(Dataset records)

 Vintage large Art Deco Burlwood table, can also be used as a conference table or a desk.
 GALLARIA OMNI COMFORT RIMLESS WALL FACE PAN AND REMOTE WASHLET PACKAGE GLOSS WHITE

--

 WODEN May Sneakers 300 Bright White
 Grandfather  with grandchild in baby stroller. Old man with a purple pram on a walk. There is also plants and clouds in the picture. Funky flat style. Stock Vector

...

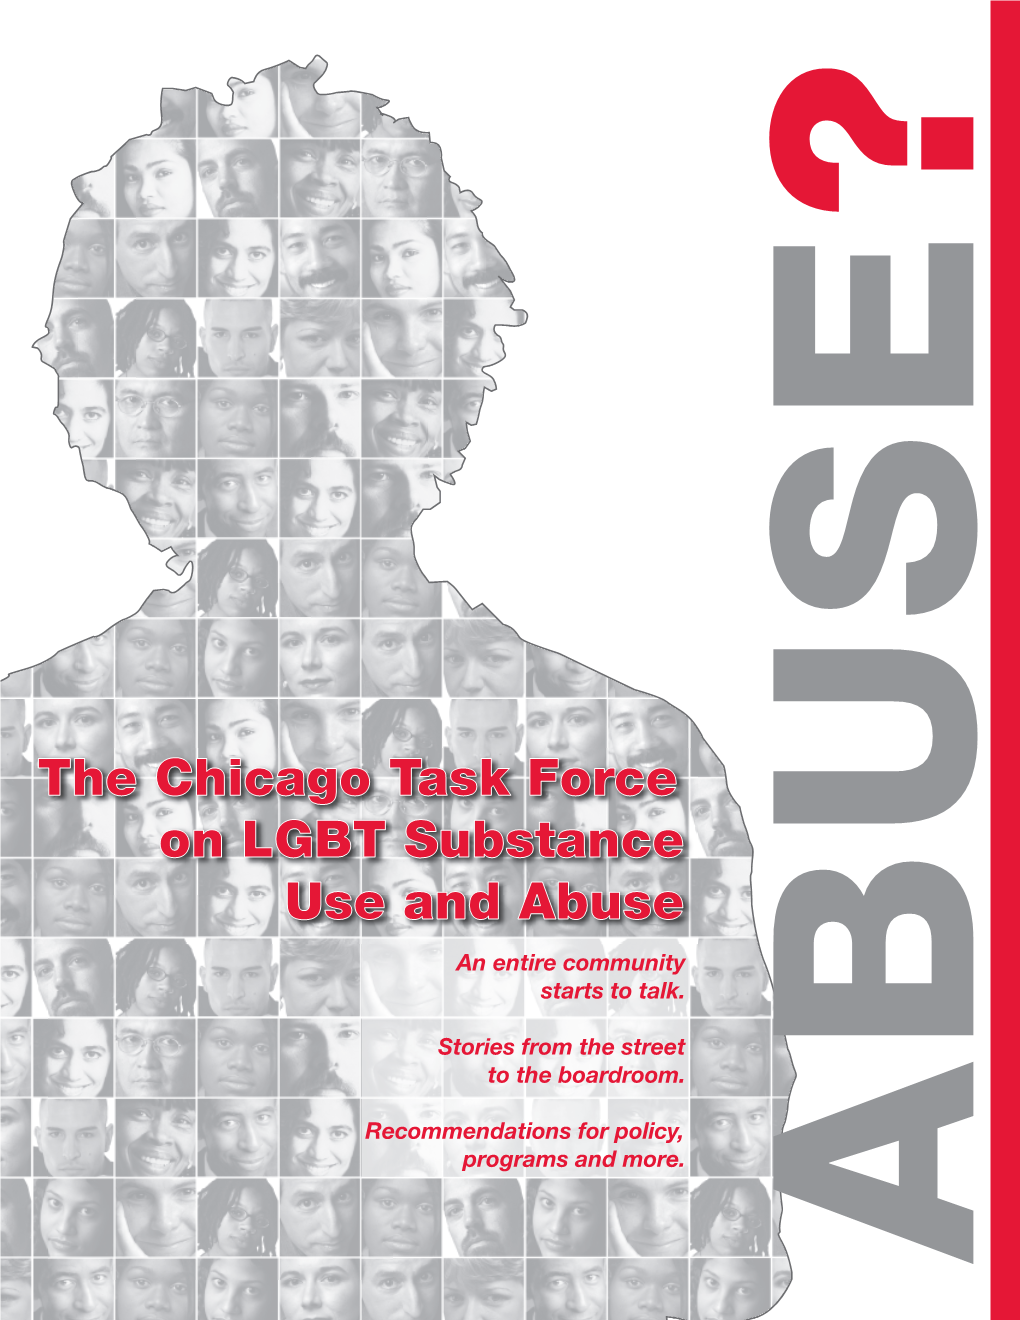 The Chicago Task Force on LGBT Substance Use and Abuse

(Assignment)
Set down, unchanged, only those lines above that fall between the line with "Vintage large Art" and the line with "GALLARIA OMNI COMFORT", the two end lines included.

(Solution for this problem)
 Vintage large Art Deco Burlwood table, can also be used as a conference table or a desk.
 GALLARIA OMNI COMFORT RIMLESS WALL FACE PAN AND REMOTE WASHLET PACKAGE GLOSS WHITE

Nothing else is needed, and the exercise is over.